4) Still in transforms.conf, define transform-clone-1 as REGEX = .*, DEST_KEY = _raw, FORMAT = $0, CLONE_SOURCETYPE = intermediate_sourcetype_2A. transform-clone-2 is the same except that CLONE_SOURCETYPE = intermediate_sourcetype_2B.
5) Back in props.conf, assign appropriate SEDCMD and TRANSFORMS to intermediate_sourcetype_2A and intermediate_sourcetype_2B. Make sure to conclude the TRANSFORMS set with transform-switch-sourcetype.
6) Finally, back in transforms.conf, define transform-switch-sourcetype as SOURCE_KEY = MetaData:Sourcetype, REGEX = .*, DEST_KEY = MetaData:Sourcetype, FORMAT = sourcetype::target_sourcetype. This transform simply switches the event's sourcetype.
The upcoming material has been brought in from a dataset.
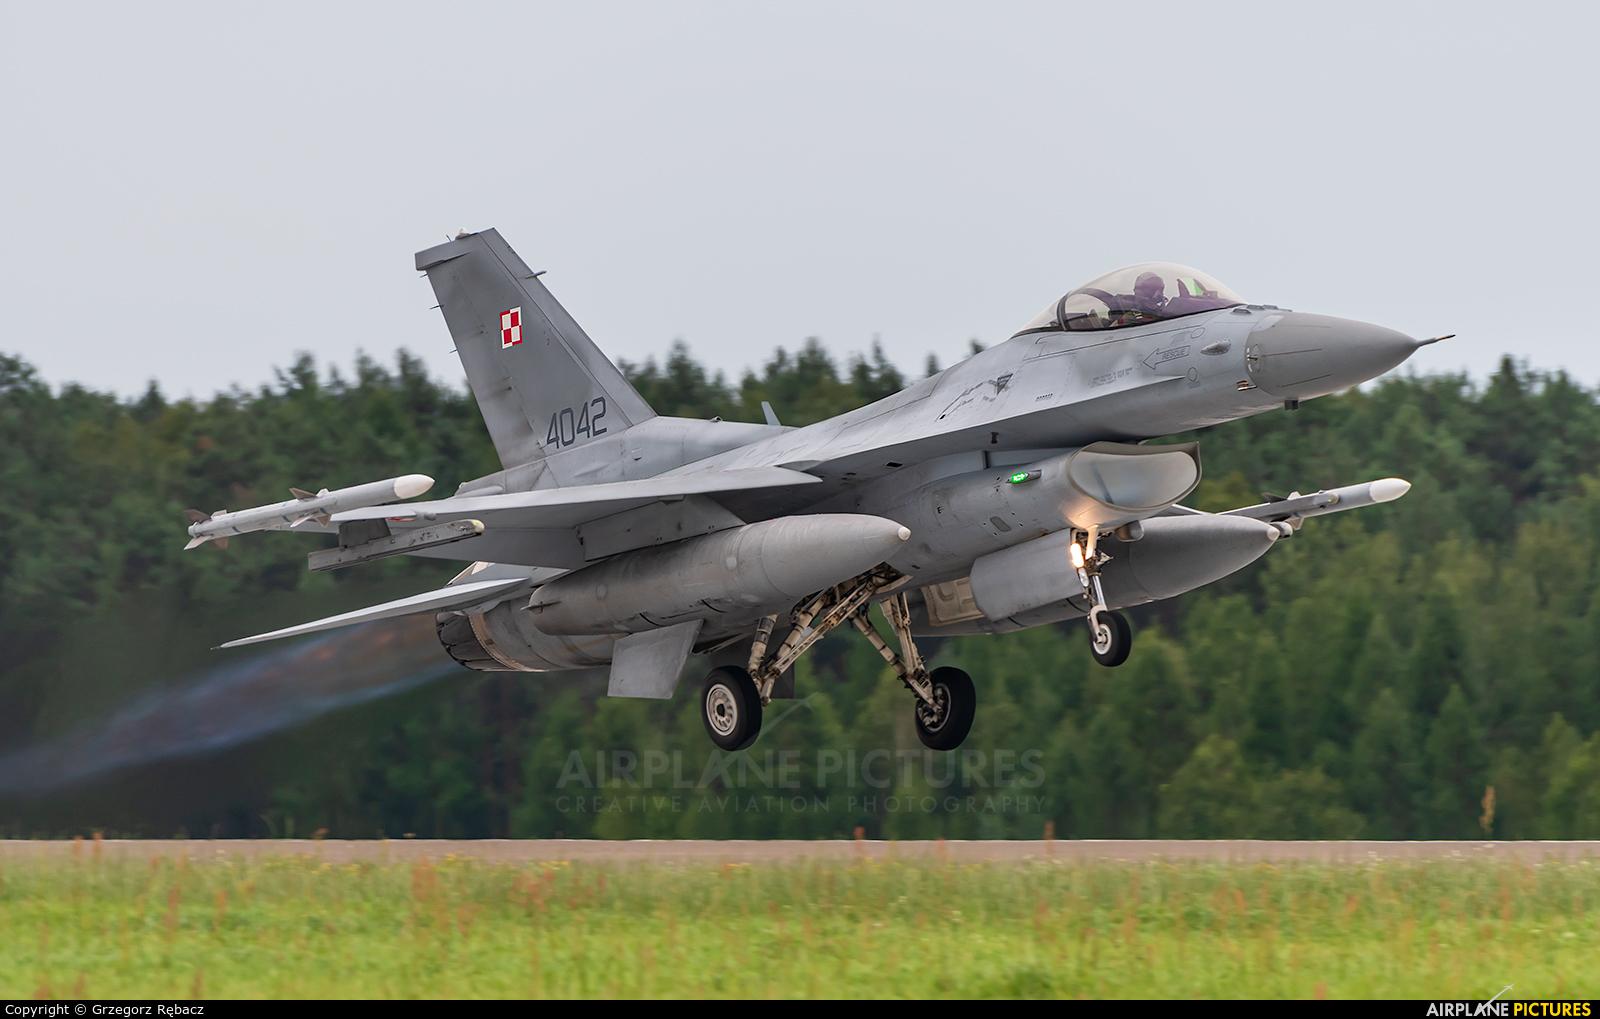 Poland - Air Force 4042 aircraft at Łask AB

It's important that props.conf not rely on source:: stanzas to process the events, because that stanza would apply to the cloned events as well as to the original event, resulting in multiple applications of SEDCMD and TRANSFORMS. That is unlikely to yield the desired results except in really odd circumstances.

A note of caution: keep backups of inputs.conf, props.conf and transforms.conf appearing in the universal forwarder's /opt/splunkforwarder/etc/apps/_server_app_<server_class>/local because Splunk Web will wipe them when you change the input configuration—if you edit directly in that folder. The workaround is to build your inputs.conf, props.conf, and transforms.conf in /opt/splunk/etc/deployment-apps/_server_app_<server_class>/local on the main Splunk instance. The only caveat I've had with this is that there is seemingly no way to "refresh" the forwarder from Splunk Web (you'd expect that in Settings: (Distributed environment) Forwarder management); you must use the command line and issue splunk reload deploy-server.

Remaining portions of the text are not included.